It's a nicely high stakes story, too, which is a relief, since there was a fear we'd have weeks of sitting about discussing the events of the previous episode before anything happened. Not so. While Skye's new powers don't manifest fully, and she keeps the extent of her transformation under wraps, this is one story thread in a busy episode. Both SHIELD and HYDRA are on the rebound from the events in the subterranean city. It's fun to see HYDRA run by a round table of rich masterminds, even if most of them are pretty shallow and one-note; but then, it's not like they last long. Coulson's plan to use his prisoner, Bakshi, as bait in a plan to turn the heads of HYDRA against one another is brilliant stuff. Yes, it's convoluted and over-the-top. So what? That's exactly what I want from a comicbook show. Agents of SHIELD needs more convolution and over-the-top plans! Some commentators have likened it to the sort of ruse that Mission:Impossible used to go for, and they're not wrong. It's unfeasable, but easy enough to follow, effective and entertaining.

You could also make the same observation about the showdown between Coulson and Mac over the former's questionable decisions.
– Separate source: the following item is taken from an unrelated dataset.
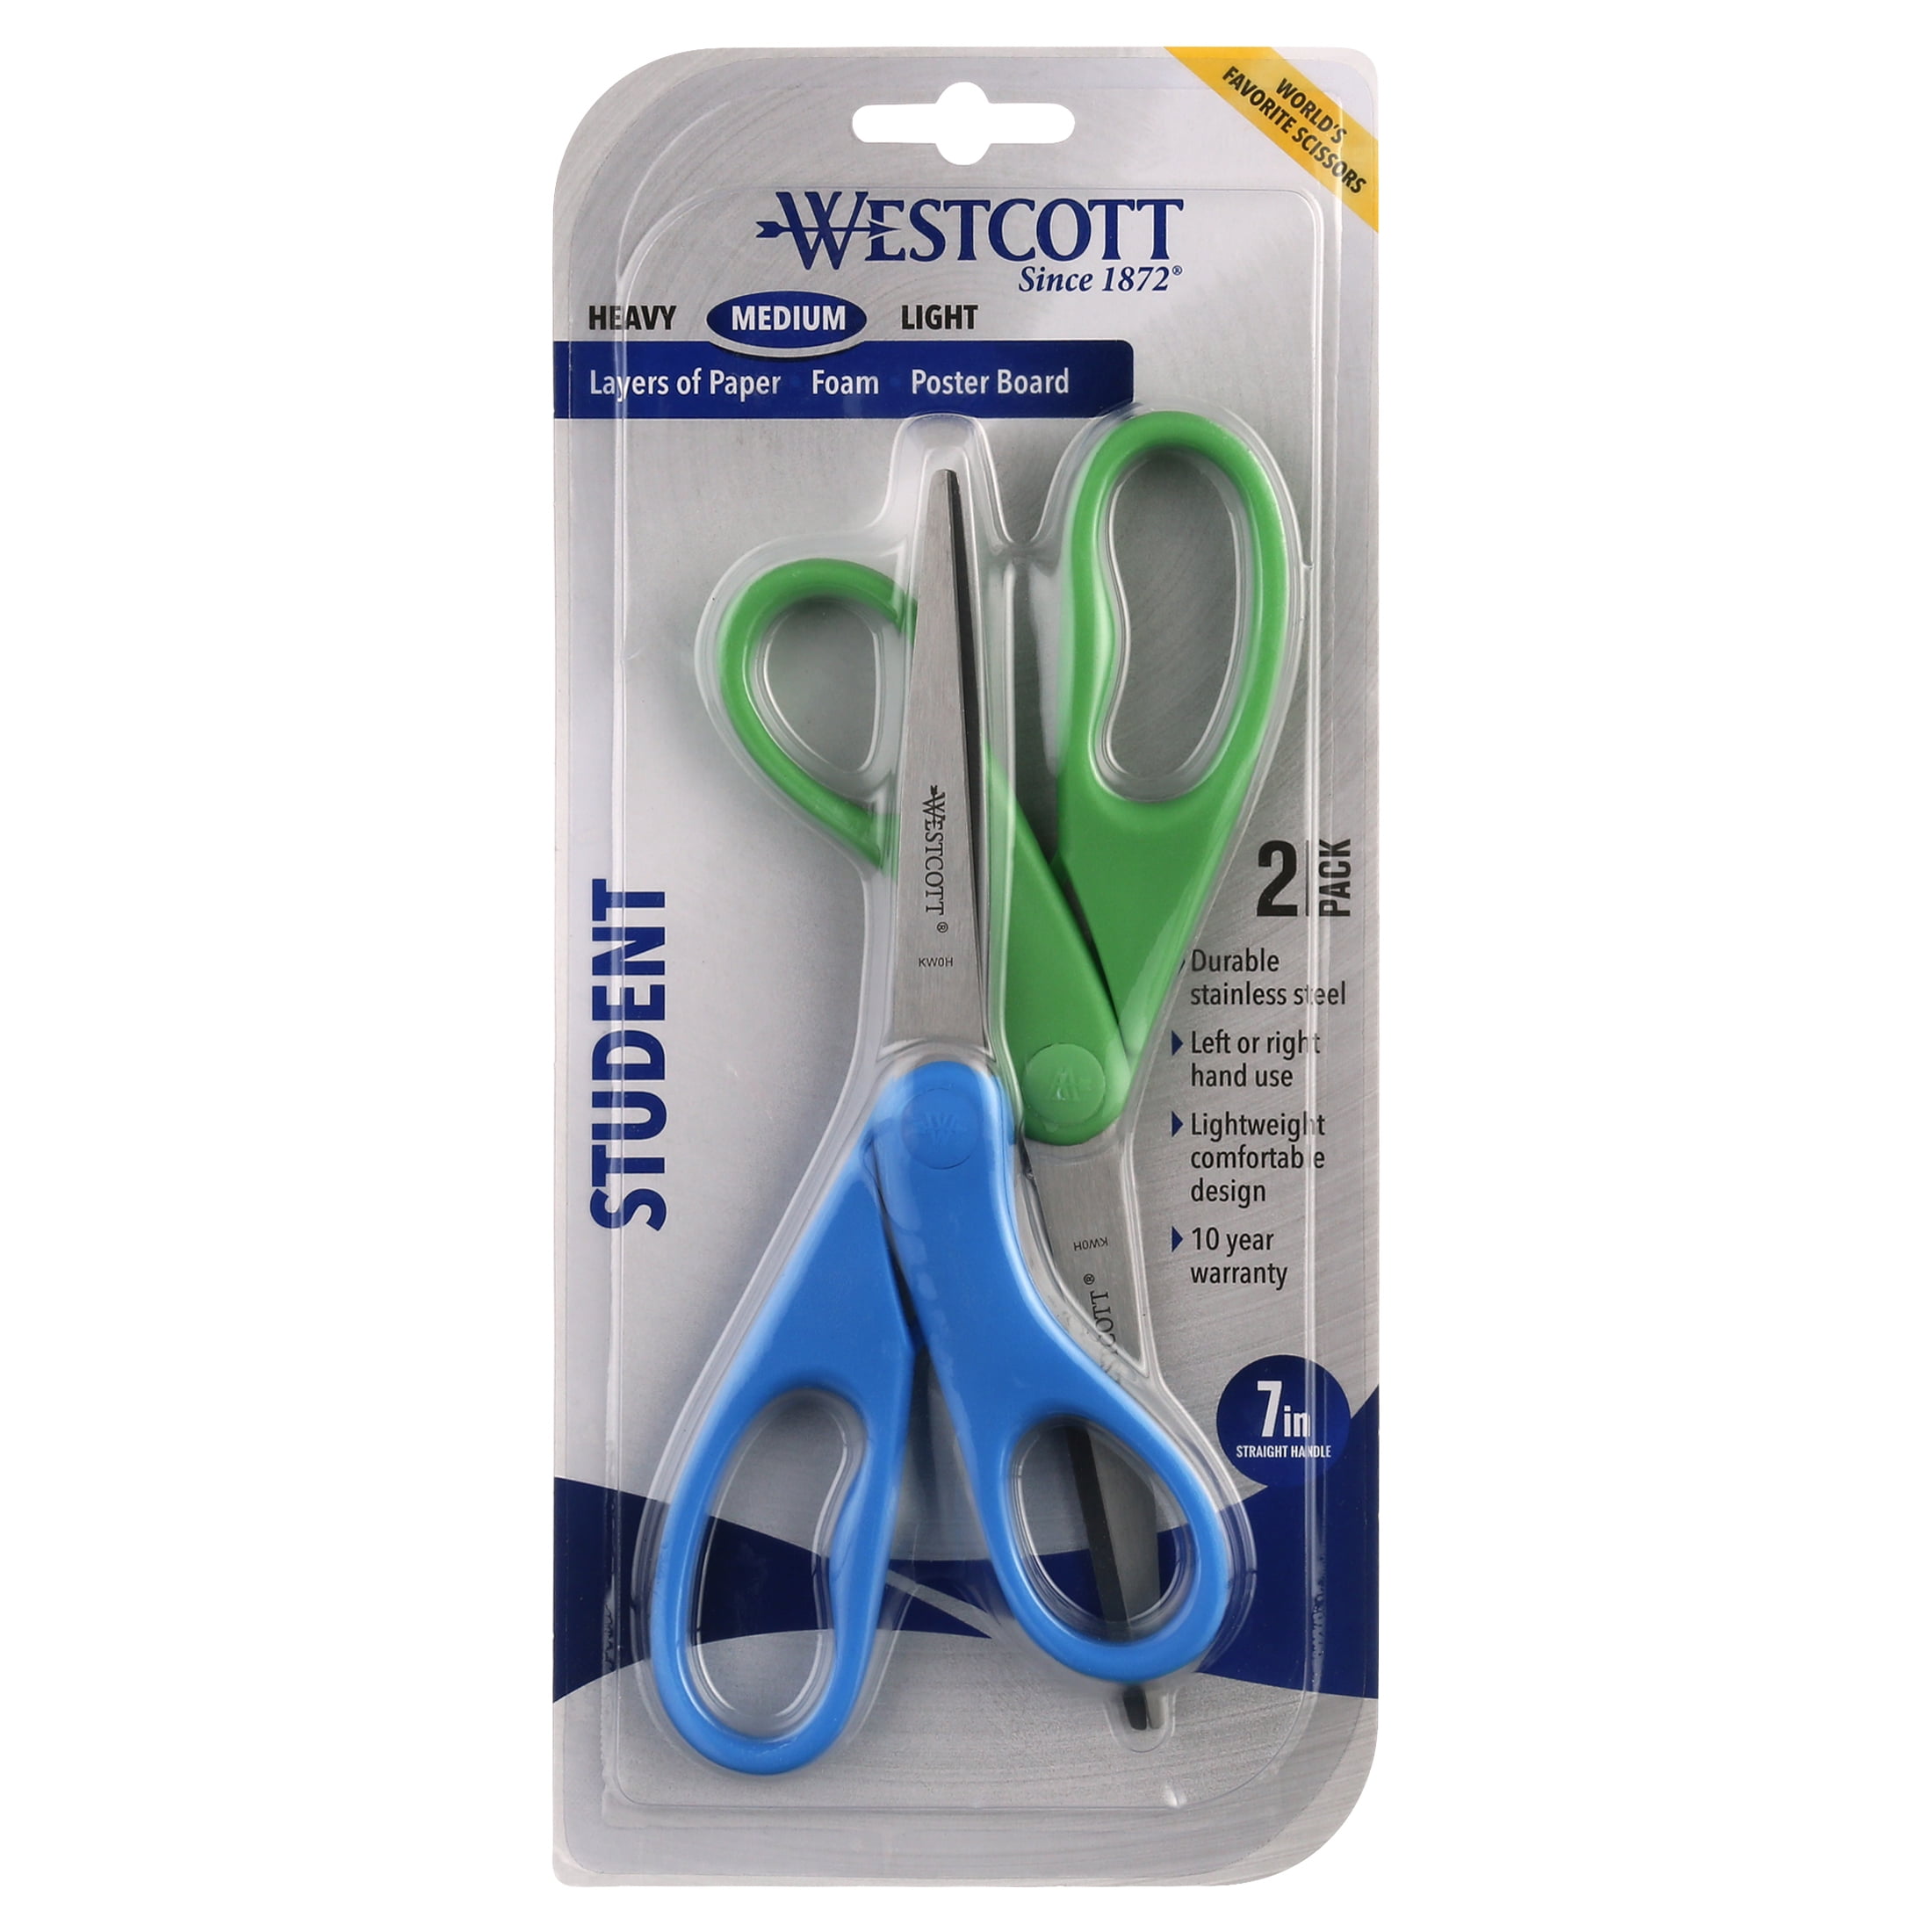 Westcott Scissors, Teachers Bulk Pack Display, Kids 13130 13140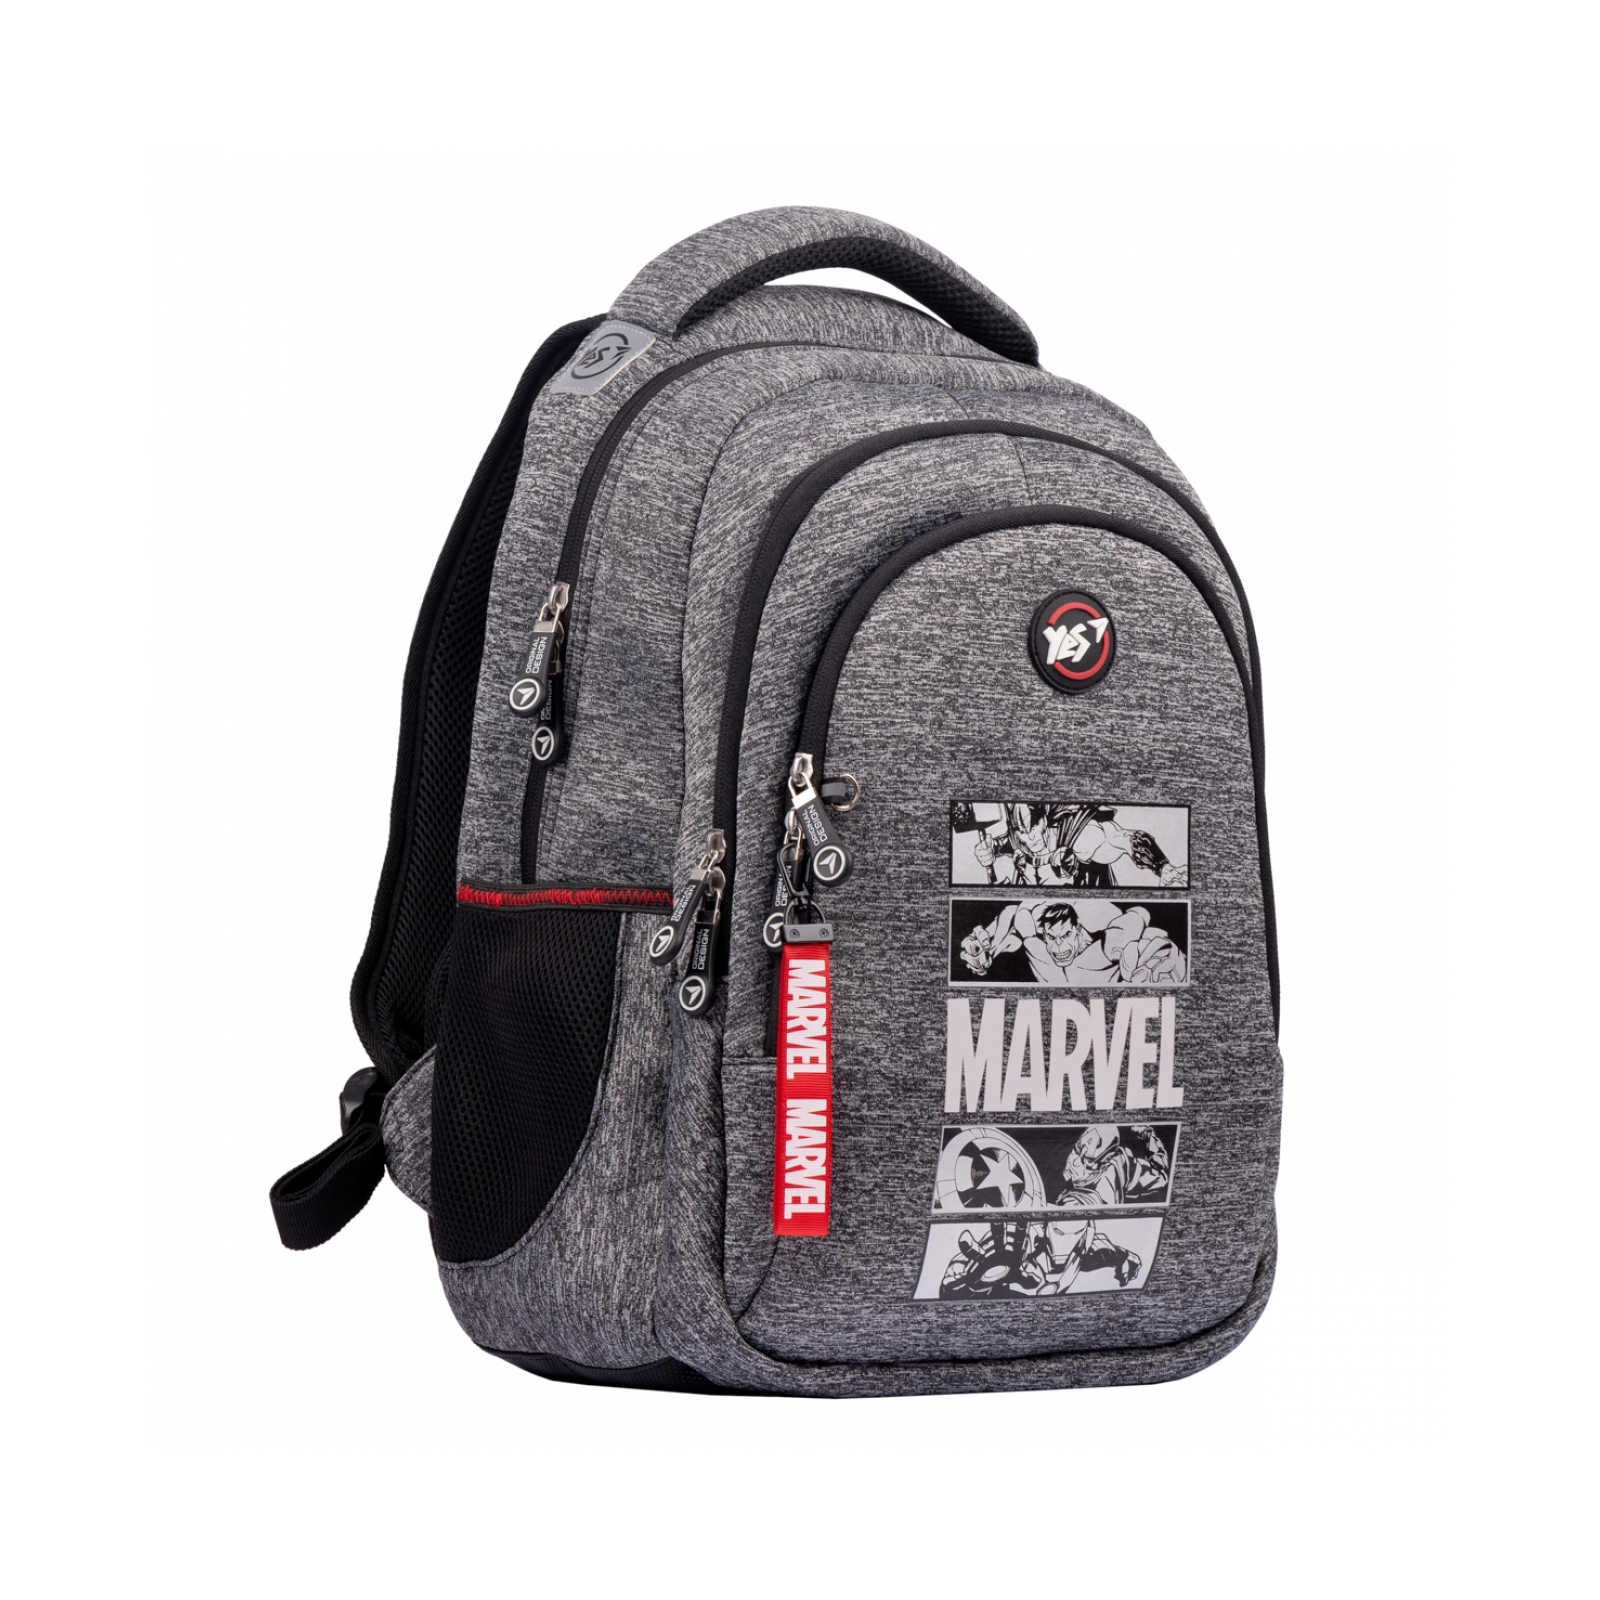 Рюкзак школьный Yes TS-41 Marvel.Avengers (554672)

The fight between the loyal Couslon-ites and the newer recruits is anything but subtle. That's good; we don't need subtle right now. We need a fast-moving season that lives up to the promise of the series' set-up. Some elements are still uneven. Mockingbird and Mac are playing some secret game that seems one element too many, and is included in a heavy-handed fashion. A major flaw is the resolution of Trip's death. It's all very well played, and the death of a major team member should hit the SHIELD crew hard. The problem is, we never really got to know Trip well enough for his death to matter the same way to us. He was a criminally underused character, and some better use of him leading up to this point could have made all the difference. It's not a fault of this episode, but nonetheless, it's inescapable.

There's some great chemistry between the regulars, now, with most of them settling into double-acts, and not the ones we expected. Coulson and May are at their best when they're fighting side-by-side. It's a shame to see Mac and Fitz's bromance fizzle out, but worth it for the wonderful chemistry between Fitz and Skye. I don't think Skye has really gelled with anyone the way she was supposed to, but this looks set to change matters. Both Chloe Bennet and Iain de Caestecker are so much better as these damaged and altered versions of their characters. There's a lot of potential here, particularly in their relationship, be it platonic or romantic in future. Where Fitz and Simmons will go from here is questionable, and this can only serve to drive them further apart, especially with Simmons on one hell of an over-egged anti-alien, anti-superpower drive right now. Perhaps the best moment, though, involve Raina. Ruth Negga has been something of an unsung star of this series (great news that she's been snapped up for the Preacher adaptation), and the use of her character here is excellent. Finally, she's got exactly what she's been striving for all this time, and it's horrific. The quill-covered, plant-like, almost reptilian make-up for her transformed state is wonderful work. Her scene with Dr Zabo – a still brillaint Kyle MacLachlan, always a highlight – is a particularly strong one, as he casts her aside now that she is of no use to him.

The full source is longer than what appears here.